§ **EXERCISE**:
Please restate word for word the lines of the entries below from the one with "Темные дела: в" to the one with "Andrés Palacios como Andrés Palacios_001.jpg", inclusive, and leave out every picture.

§ **RECORDS FOR THIS EXERCISE**:
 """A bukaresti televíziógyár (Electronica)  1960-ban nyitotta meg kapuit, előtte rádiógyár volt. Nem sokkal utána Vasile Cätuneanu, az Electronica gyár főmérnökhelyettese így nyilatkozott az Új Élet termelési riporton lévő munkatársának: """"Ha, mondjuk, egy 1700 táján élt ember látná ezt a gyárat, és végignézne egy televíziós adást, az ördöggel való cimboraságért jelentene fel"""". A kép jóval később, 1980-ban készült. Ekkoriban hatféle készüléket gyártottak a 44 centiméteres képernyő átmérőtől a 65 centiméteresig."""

--

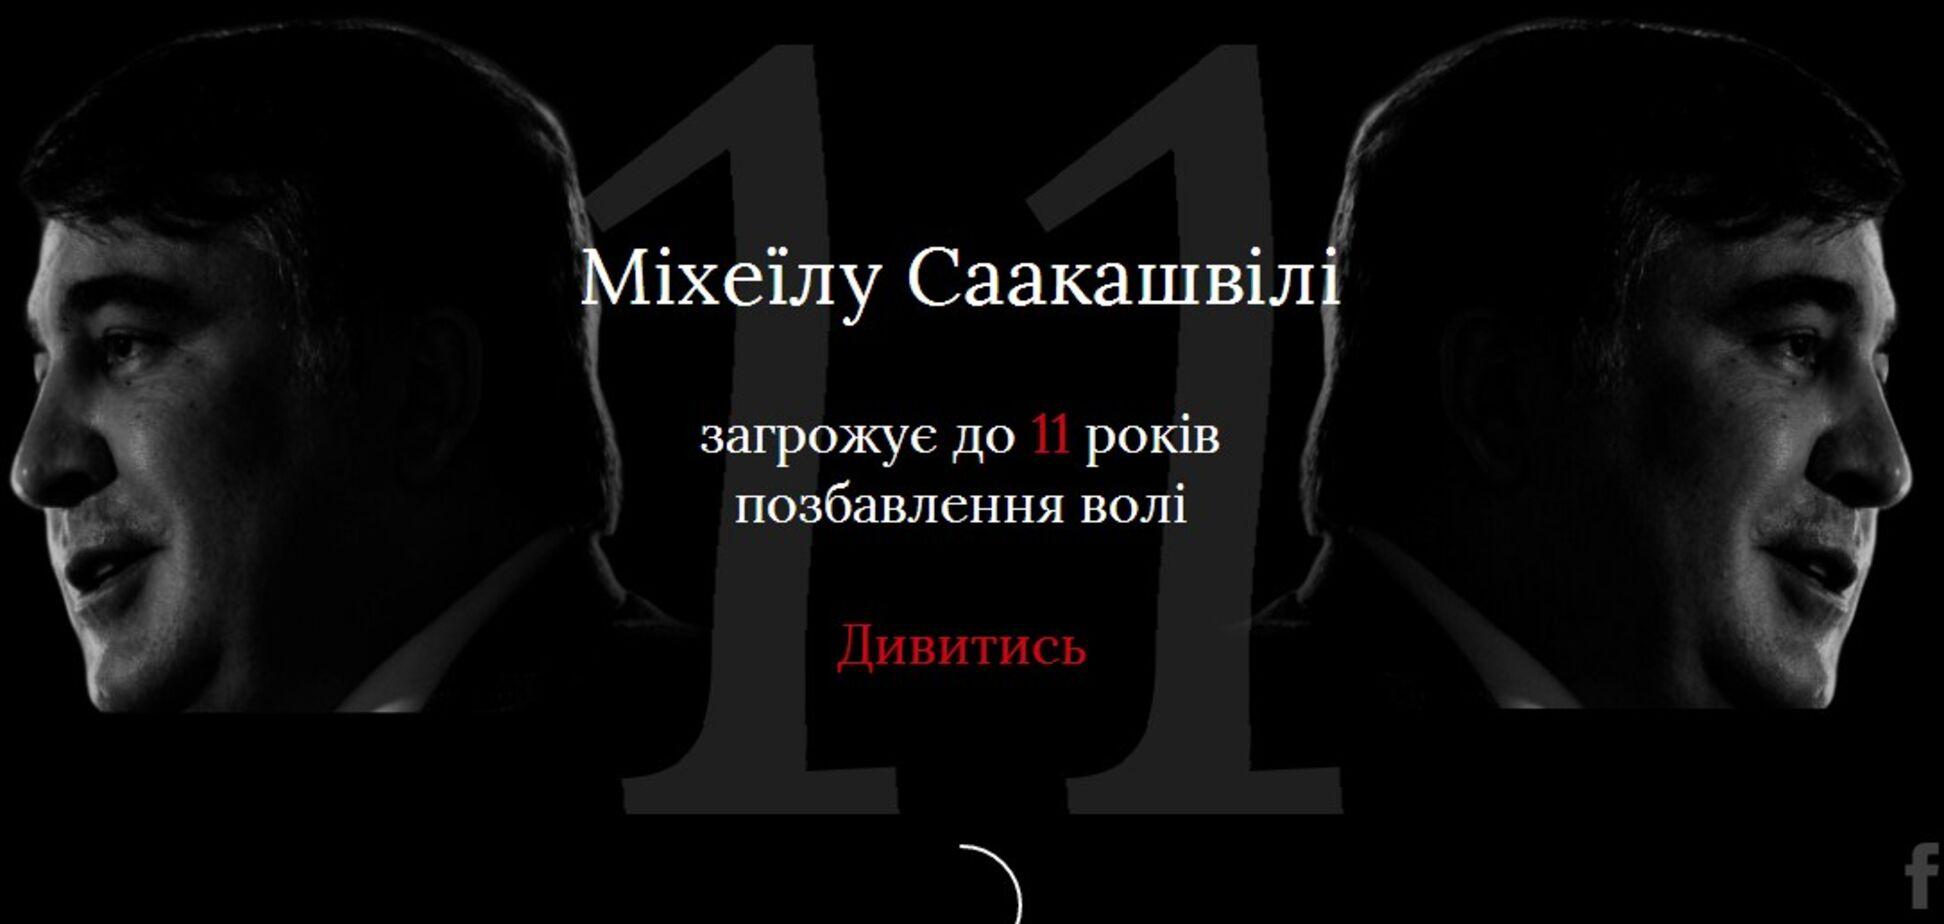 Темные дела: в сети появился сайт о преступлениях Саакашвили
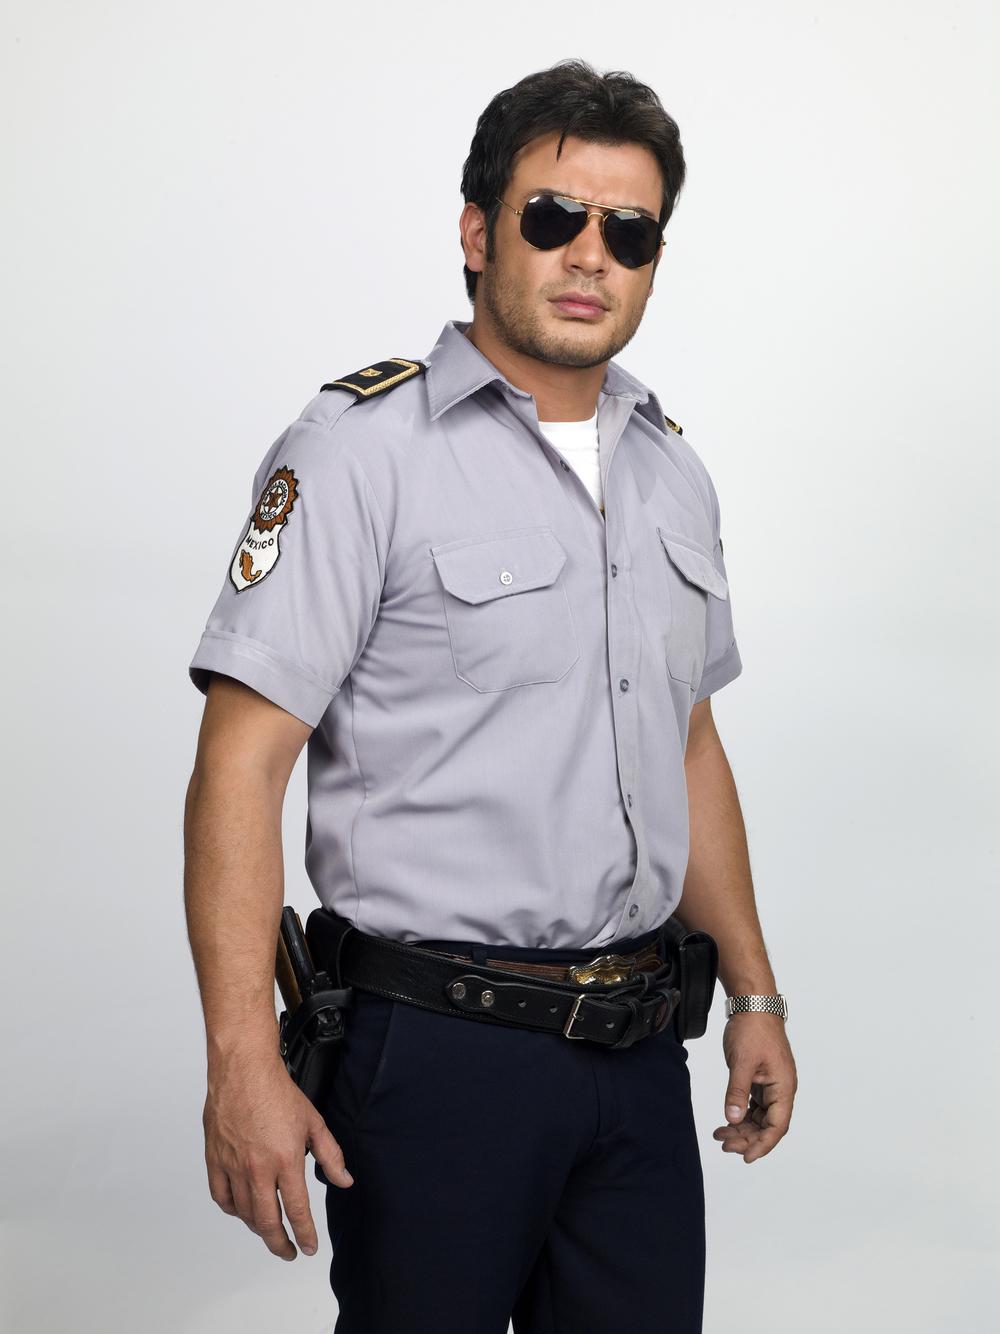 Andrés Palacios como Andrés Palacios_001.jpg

...

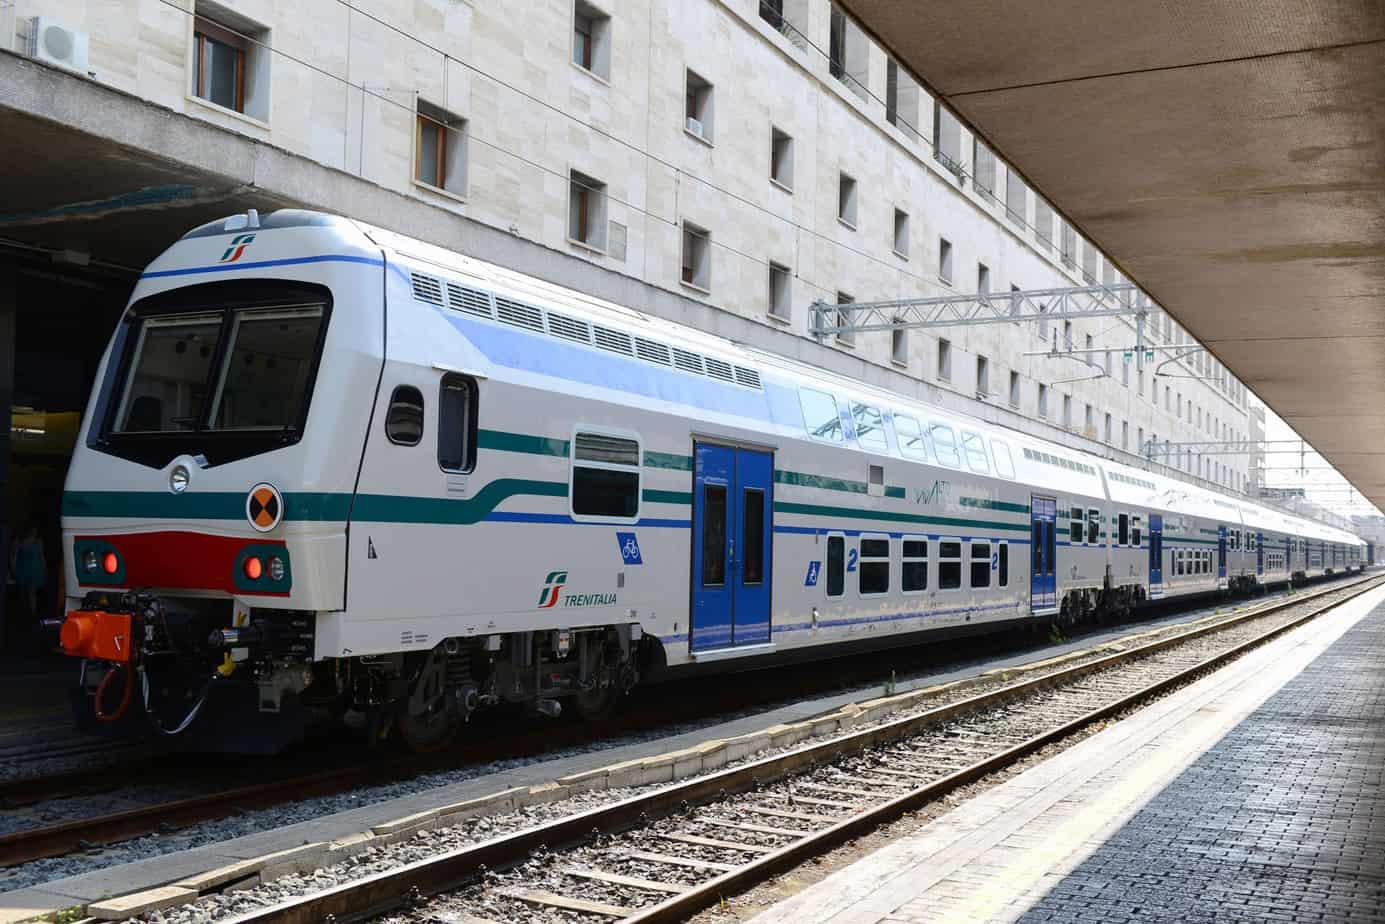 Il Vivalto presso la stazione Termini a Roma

§ **FINISHED EXERCISE**:
 Темные дела: в сети появился сайт о преступлениях Саакашвили
 Andrés Palacios como Andrés Palacios_001.jpg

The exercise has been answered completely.